私たちが普段耳にするCO2排出量とGHG排出量は、環境問題においてよく使われる言葉ですが、その意味には大きな違いがあります。
まず、CO2排出量とは、二酸化炭素(CO2)がどれだけ大気に放出されたかを示す数値です。CO2は最も代表的な温室効果ガスで、車の排気ガスや工場の煙などから排出されます。
一方、GHG排出量は「温室効果ガス排出量」のことで、名前の通り温室効果ガス全体の排出量を表します。CO2だけでなく、メタン(CH4)や一酸化二窒素(N2O)、フロン類なども含まれており、地球温暖化に関わるすべてのガスをまとめた言葉です。
つまり、CO2排出量はGHG排出量の一部に過ぎず、GHG排出量のほうが広い意味を持っていると覚えておくとわかりやすいでしょう。
CO2とGHG、それぞれが環境に与える影響の違い
続いて、CO2とGHGが環境にどんな影響を及ぼすのかについて考えてみましょう。
CO2は地球の大気中に長く留まり、太陽からの熱を閉じ込めることで地球温暖化を引き起こします。
一方で、GHGに含まれる他の温室効果ガスはCO2よりもずっと強力な温室効果を持つものもあります。例えばメタンはCO2の約25倍、一酸化二窒素は約300倍もの温室効果があるとされています。
しかし、それぞれのガスの大気中の量や寿命は異なるため、一概に数値だけで比較できません。そのため、国際社会ではGHG排出量をCO2換算(CO2e)で表し、排出量全体を評価しています。これが温暖化対策の基準となっています。
CO2排出量とGHG排出量の測定・報告の違い
環境政策や企業の取り組みで重要視されるのはGHG排出量の正確な把握ですが、CO2排出量だけが報告される場合も多いです。
これは測定の難しさや、歴史的にCO2が最も注目されてきたことが理由です。
CO2排出量は特に化石燃料の燃焼量から比較的簡単に計算されるため、レポートや統計においてよく使われます。一方、GHGの場合は全ての温室効果ガスを含めるため、農業や廃棄物処理など多様な分野からのデータ収集や換算が必要で複雑です。

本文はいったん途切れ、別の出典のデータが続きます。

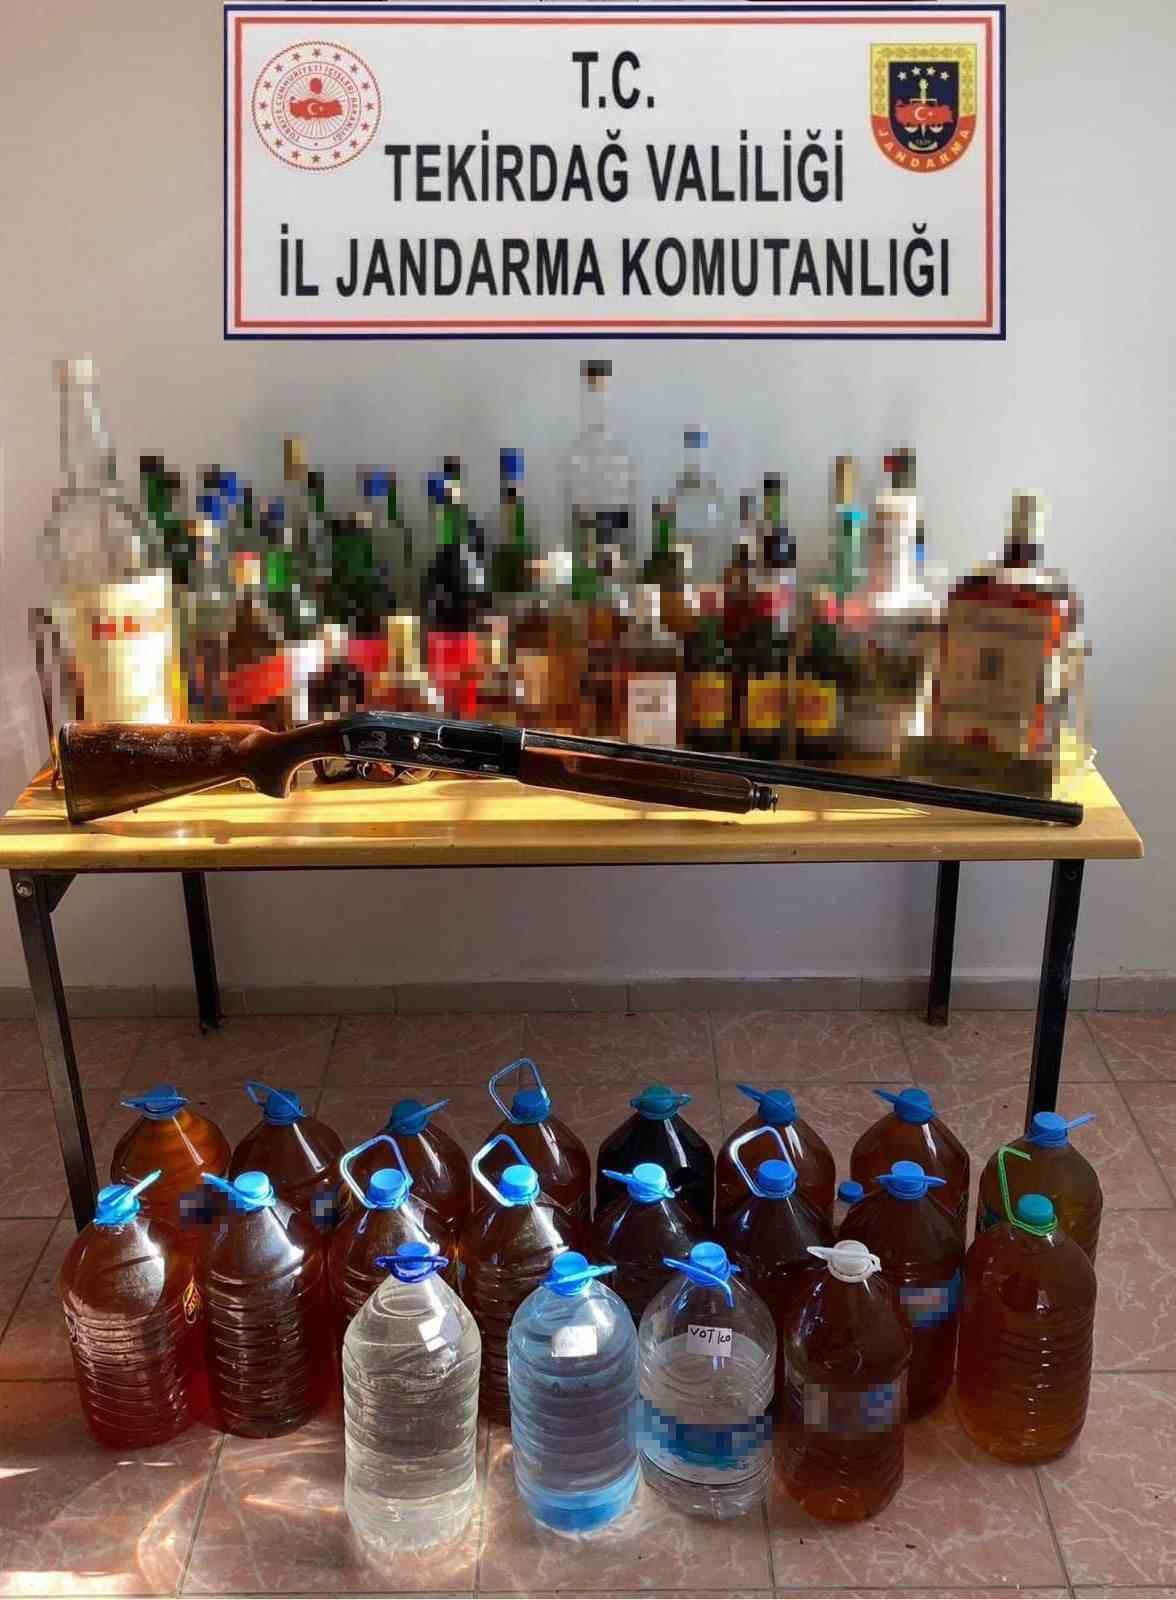 Sarköy’de Yakalanan 177 Litre Sahte İçki Sayısı Şaşırttı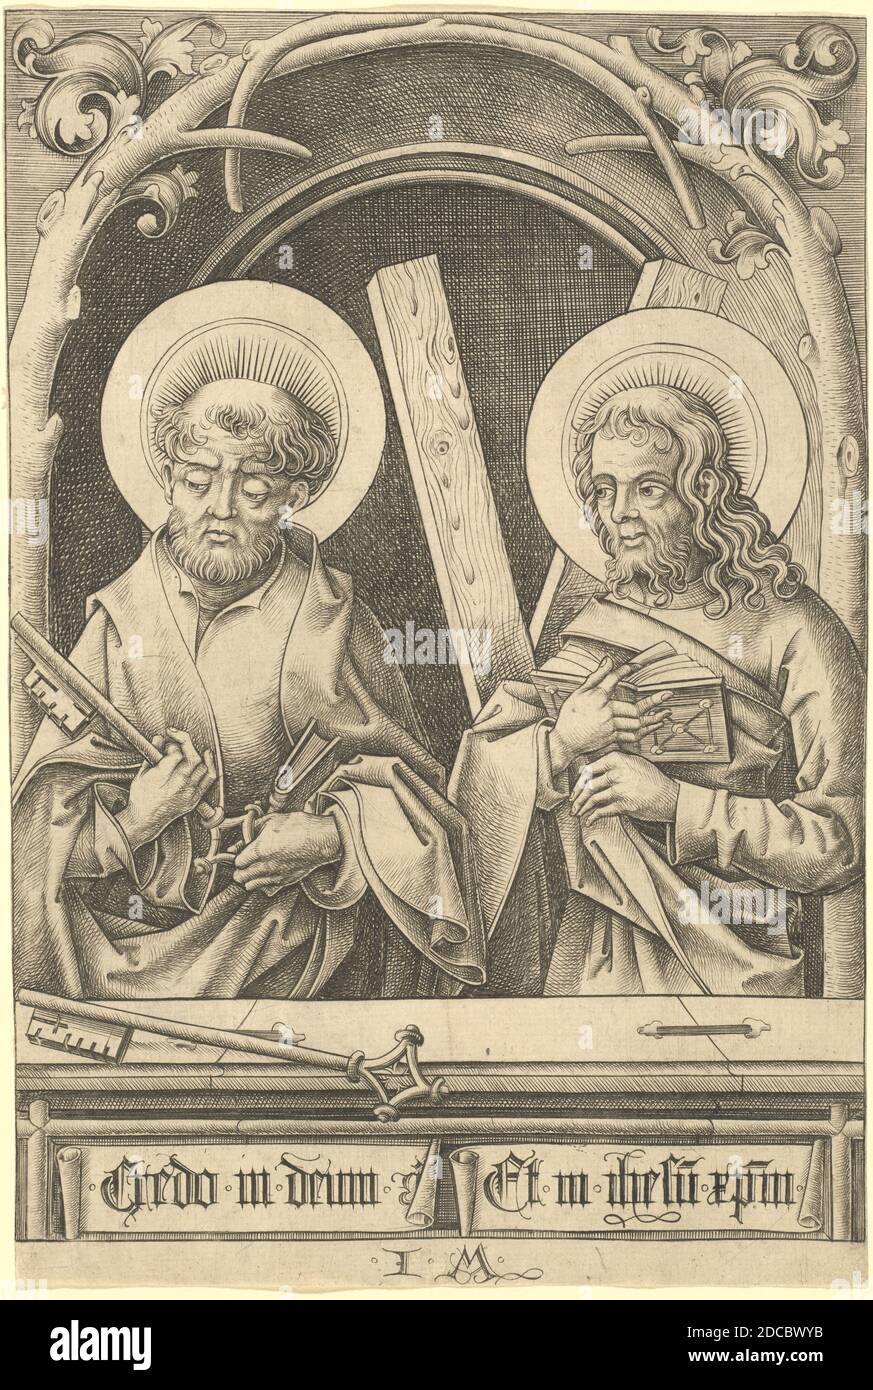 Israhel van Meckenem, (artist), German, c. 1445 - 1503, Saints Peter and Andrew, The Twelve Apostles in Six Sheets, (series), c. 1480/1485, engraving Stock Photo

下の表は代表的な温室効果ガスの種類と特徴の比較です。
温室効果ガス | 主な発生源 | CO2換算係数(GWP) | 特徴 |
---|---|---|---|
二酸化炭素(CO2) | 化石燃料の燃焼、森林破壊 | 1(基準) | 最も排出量が多い |
メタン(CH4) | 畜産、ゴミ処理、湿地 | 約25 | 強力な温室効果ガスだが寿命は短め |
一酸化二窒素(N2O) | 農業肥料、工業プロセス | 約300 | 強力な温室効果ガスで寿命も長い |
フロン類(HFCs等) | 冷蔵庫、エアコンなど | 数百~数千 | 人為的に作られた非常に強力なガス |
温室効果ガスの中でも、メタン(CH4)はCO2の約25倍もの温室効果があります。驚きですよね!しかし、メタンは空気中での寿命が約12年と短いので、早く大気から減らせば効果も早く見えると言われています。だから、農業やゴミ処理ではメタン排出を減らす取り組みが重要なんです。地球温暖化対策では、単にCO2だけでなく、こうした他のガスにも注目することが大切ですね。